Eight burglaries have been reported to the Athens Police Department since May. Athens Crime Solvers Anonymous reported 20 burglaries alone from April 26 to May 26 of this year. No on-campus burglaries were reported to the Ohio University Police department this summer.
But local law enforcement officials are well aware that both students and Athens residents have become uneasy.
To quell discomfort, APD offers a free service dubbed a “Vacation Home Checks,” which allows county residents a little peace of mind when they’re away by sending patrol car drive by their house every so often.
How often the cops drive by depends on how long residents are gone, said APD Lt. Jeff McCall. “It’s a good program that everyone should take advantage of.
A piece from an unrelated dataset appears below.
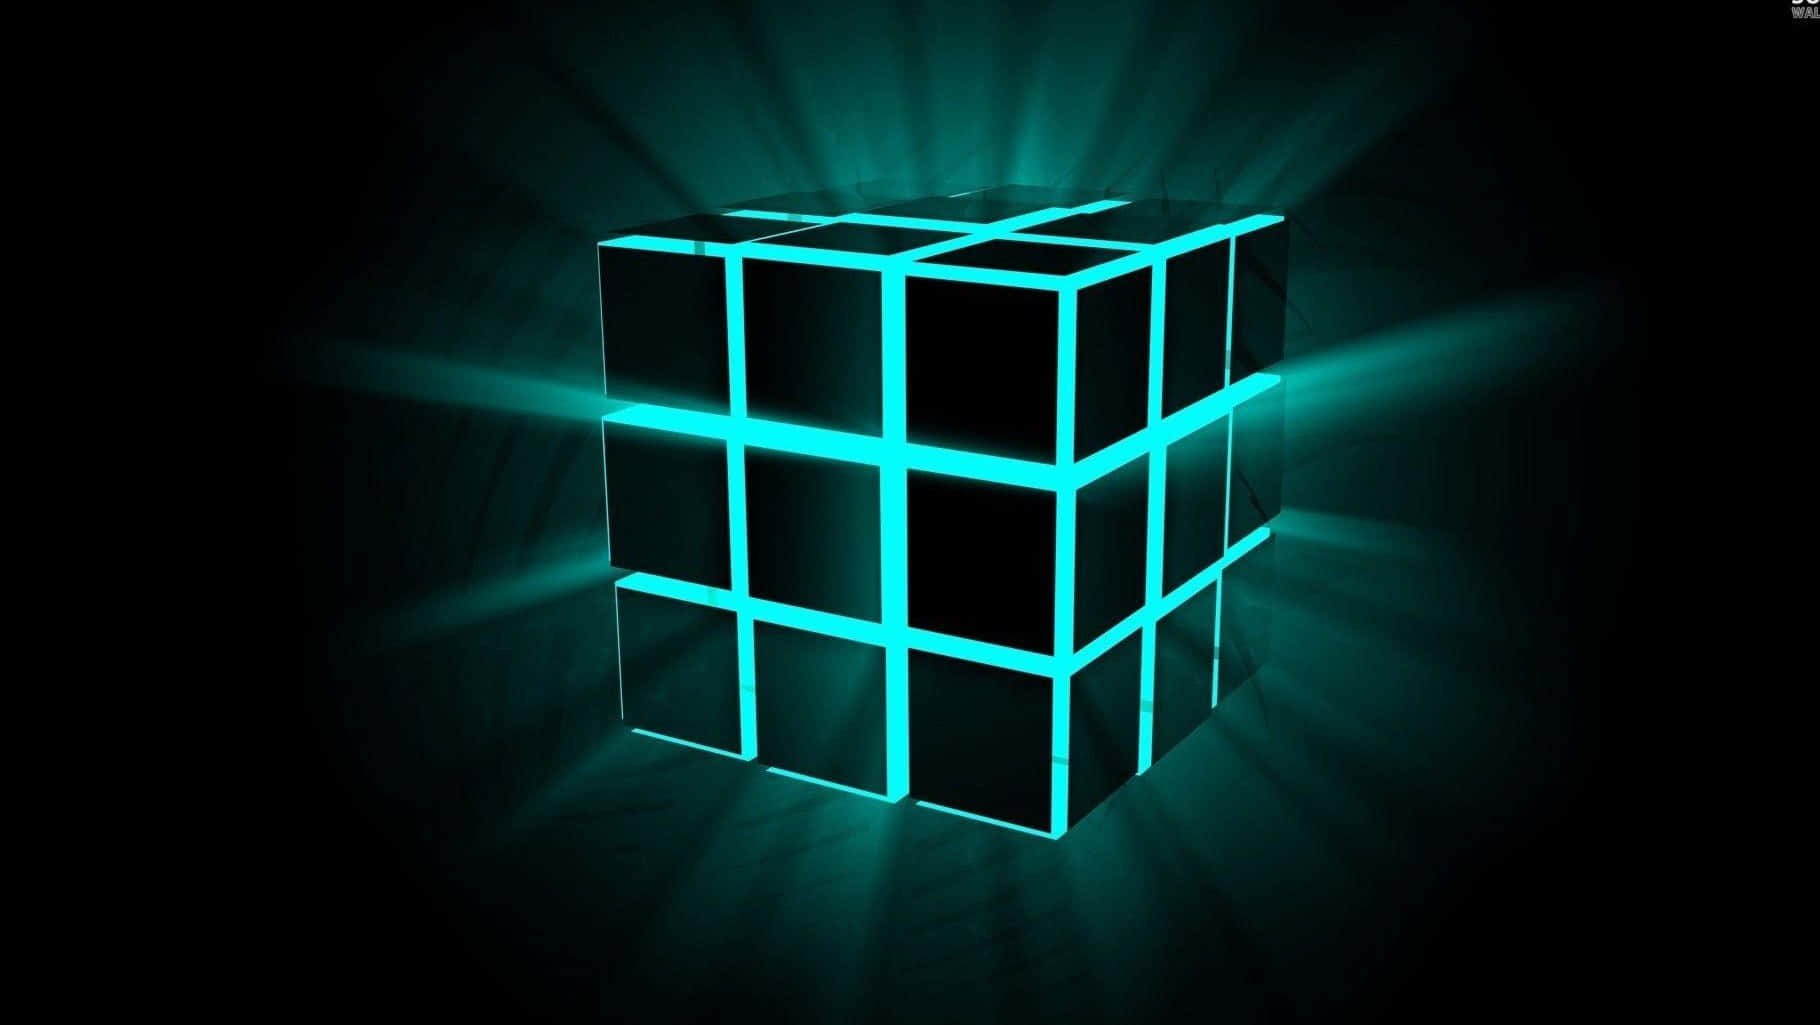 A Cube With A Light Shining Through It
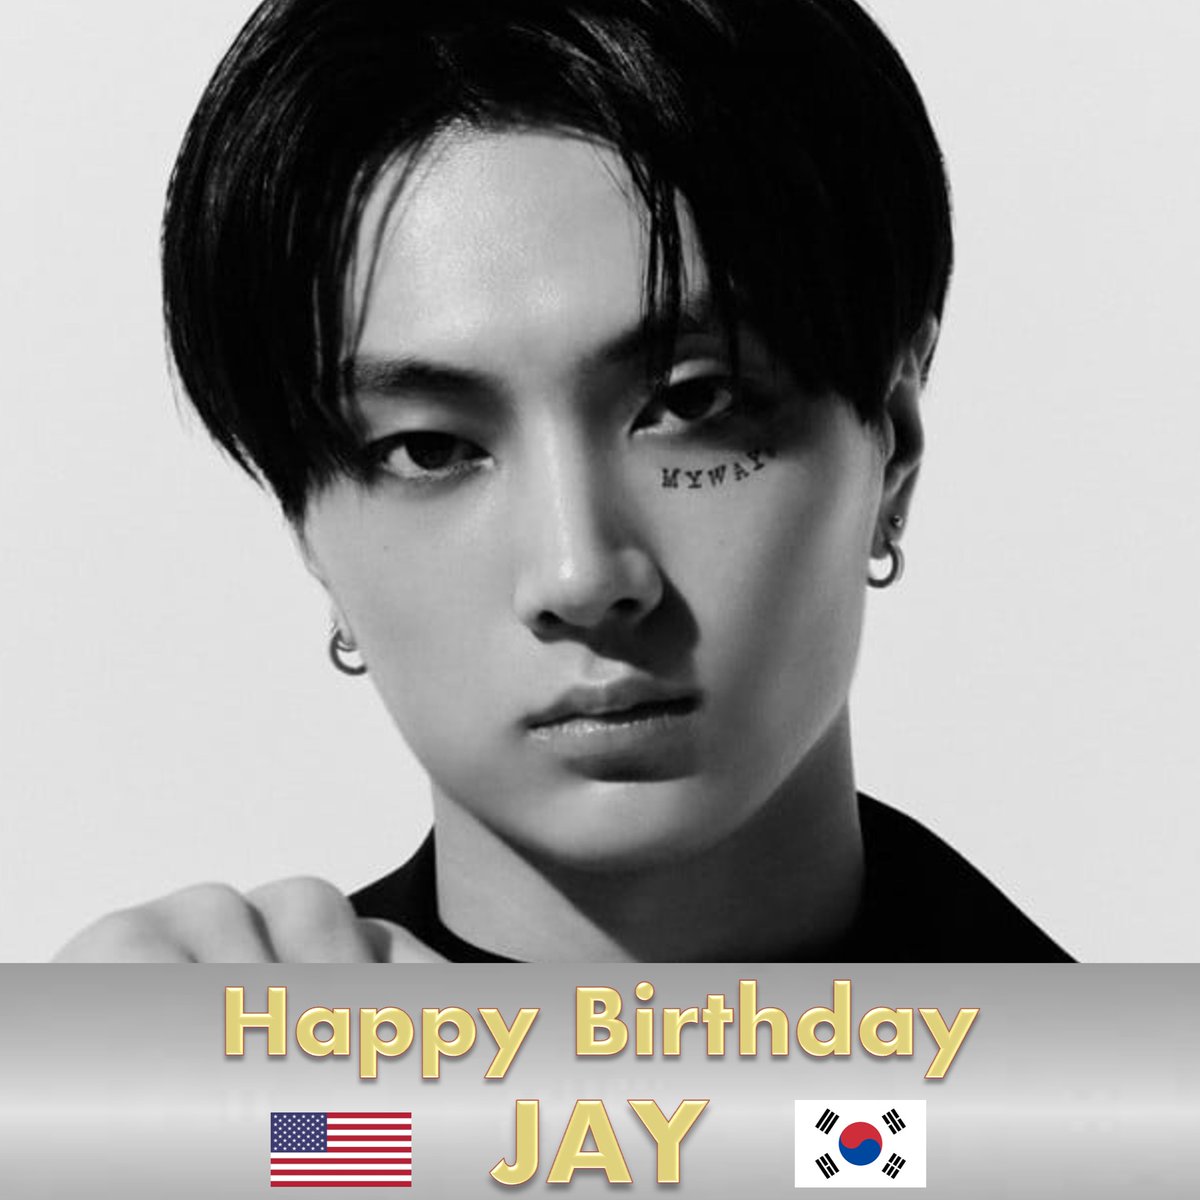 Happy 22nd birthday to #ENHYPEN's very handsome and extremely talented Rapper, singer, dancer and trend-setter Jay! Jay rings in his birthday trending in the Top 3 on X worldwide with #BlossomingSpringJAY and in the Top 4 with HappyBirthJAY! #Jay found fame as the Main Rapper,…

Students don’t usually request Vacation Check, and when they come back after summer, they find their belonging missing,” McCall said.
APD’s 2013 annual report cited only two calls for a Vacation Home Check that year.
The majority of these burglaries took place in the residential areas laden with OU students, especially when in close proximity to the uptown area.
Perpetrators have stolen a variety of belongings — ranging from pricier items such as electronic equipment to standard household staples like food, McCall said.
“For the last two weeks, there have been many cases including electronic devices,” said McCall on Monday. “I can’t think of the exact number, but it’s about 20 (cases) or plus.”
McCall said once a report is filed, a variety of procedures will follow depending on the evidence present.
“If a fingerprint is found, then we have to go through the database. It could be a piece of jewelry that’s left on the scene,” McCall said. “If it’s household items that were stolen, chances to find evidence are small to none.”
When the evidence points to a suspect, prosecution follows.
“Half a dozen of (these suspects) already have committed burglary at least once or twice in the past,” said McCall. “There was one gentleman who got charged with several burglaries. And he committed burglary again while he was on bond and had to go through everything again.”
McCall added that he’s seen cases in the past where residents had falsely reported burglaries to receive insurance money, but he can’t recall any recent fraudulent reports.
Many offenders commit multiple burglaries to fund a drug habit, McCall added.
Emily Weaver, a senior studying history, was a little more sympathetic with local law enforcement’s tactics to combat burglaries, though she said she’s still skeptical.
“It’s a surprisingly high number considering the size of Athens,” Weaver said. “But then again, it probably depends on the season that the numbers are compiled. Fests and breaks (might increase the rate of burglaries), so maybe this year isn’t that bad.”